This paper is organized as follows. Section II presents a brief background on NFV and FPGA acceleration. Section III defines guidelines for the development of VNFCs and discusses the main design aspects of the VNFAccel platform. Section IV presents our prototype implementation and experimental results, while Section V reports relevant related work. Finally, Section VI presents the concluding remarks.

#### II. BACKGROUND

In this section we present the background related to the basic concepts of NFV, focusing specifically on VNFs and VNFCs. Next we discuss the characteristics of FPGAs that can be used to accelerate network functions.

### A. Network Function Virtualization

Network Function Virtualization (NFV) is a paradigm proposed and standardized by the European Telecommunications Standards Institute (ETSI) [1]. Its main objective is to offload network functions from physical devices developed and manufactured for only a single specific purpose (e.g., firewalls, DPI, NAT) and to execute them in a virtualized infrastructure. The proposed ETSI architecture is divided into Virtualized Network Functions (VNFs), NFV Infrastructure (NFVI), and NFV Management and Orchestration (NFV MANO).

In particular, VNFs consist in the virtualization of basic functions in Commercial Off-The-Shelf (COTS) servers, thus lowering costs and turning the infrastructure more amenable to improvements and updates. Network functions typically have different objectives inside the network, either monitoring incoming and outgoing traffic based on different rules or remapping IP addresses of packets while they are in transit [9]. These specific functions can be decomposed into generic and less complex components, enabling the sharing of modules between VNFs. These internal components of VNFs, responsible for a subset of a VNF functionality, are called Virtualized Network Function Components (VNFCs) [2].

### B. FPGA Acceleration

Development in FPGA starts with the design of the requested hardware and logic in a Hardware Description Language (HDL) that is synthesized by a proper tool, generating a specific bitstream to program the FPGA to perform the designed logic. The complete process is composed of synthesis, mapping, placement, routing, and finally generating the configuration bitstream that programs the device. This process can take from several minutes to hours, depending on the design complexity.

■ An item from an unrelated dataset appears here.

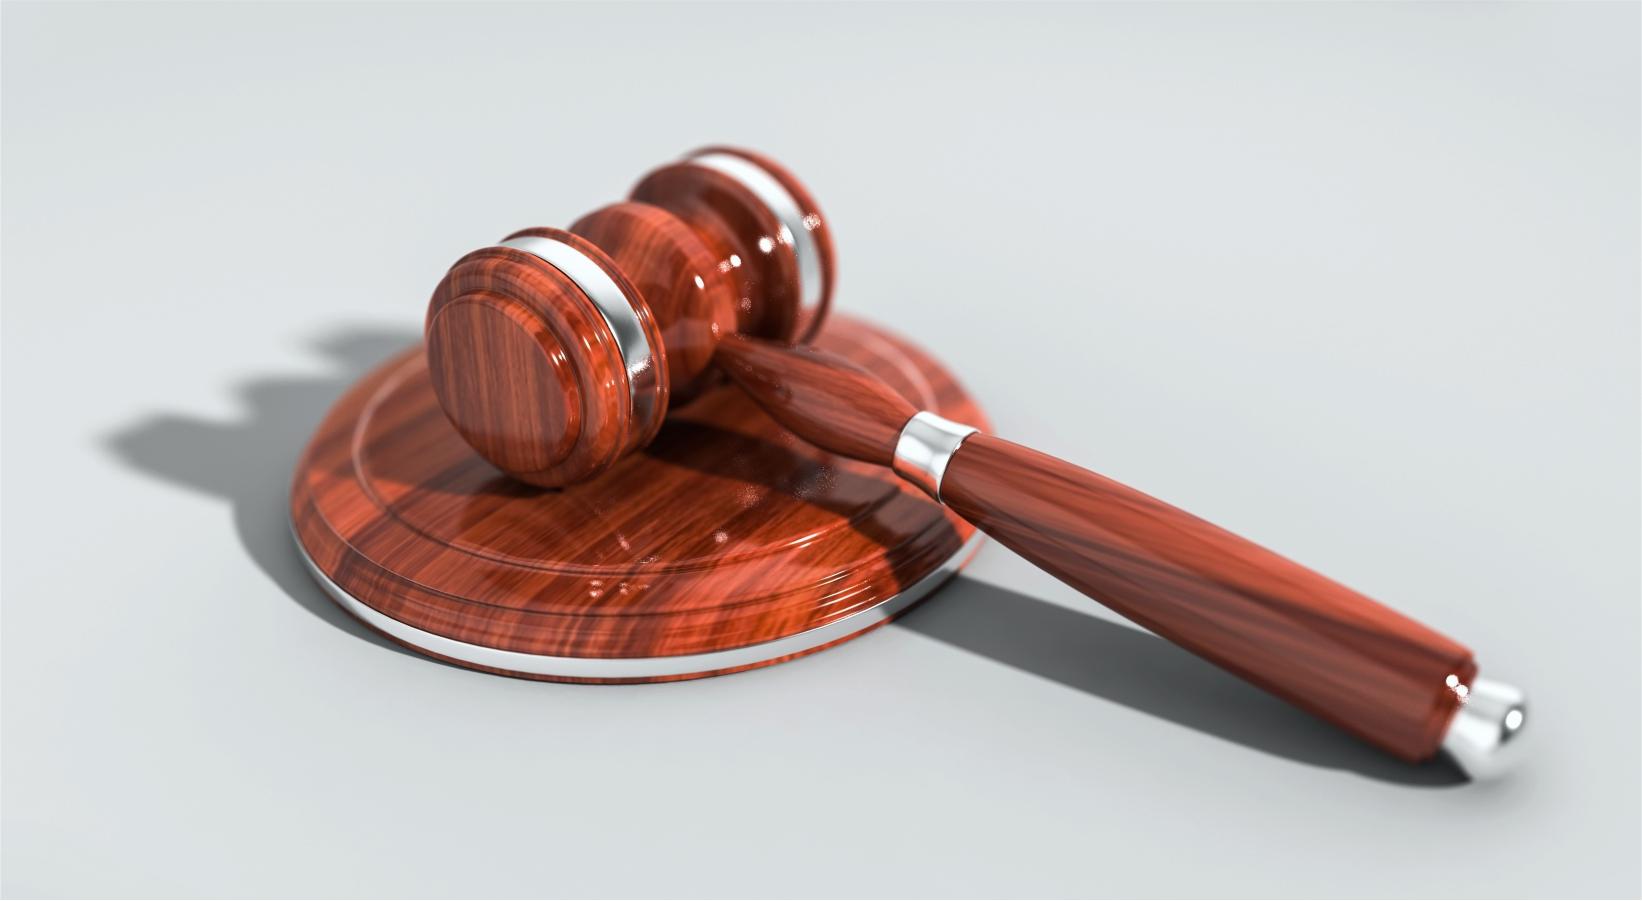 arrisalahnet Keadilan, Barang Langka Yang Sulit Ditemukan

The technology behind an FPGA is a set of generic logic blocks interconnected in a programmable switch fabric. These blocks are programmed as boolean logic functions using



(a) CLB Organization



(b) Basic FPGA architecture

Fig. 1. FPGA Organization

lookup-tables (LUTs), which consist of multiplexers used to perform combinational functions. To compute one function with K inputs, a 2<sup>K</sup>-to-1 multiplexer is necessary to select one bit out of 2<sup>K</sup>. This arrangement results in a K-input LUT, the most common on standard FPGAs being 4 to 6-input LUTs. LUTs are grouped in Configurable Logic Blocks (CLBs) alongside with flip-flops to form the basic block of FPGAs, illustrated in Fig. 1a. Additionally to these blocks, FPGAs commonly have memory (e.g., Block RAM or BRAM), input/output blocks (IOBs), multipliers, and high-speed interfaces, as represented in Fig. 1b, but varying from device to device. We refer readers interested in further details on FPGA architecture to [10].

With this programmable logic, an FPGA achieves one of the most important characteristics demanded by NFV, which is the reconfiguration on demand. This avoids the inflexibility present in ASICs with superior performance compared to GPPs for functions that can be efficiently mapped to this fabric, as will be discussed in Section III.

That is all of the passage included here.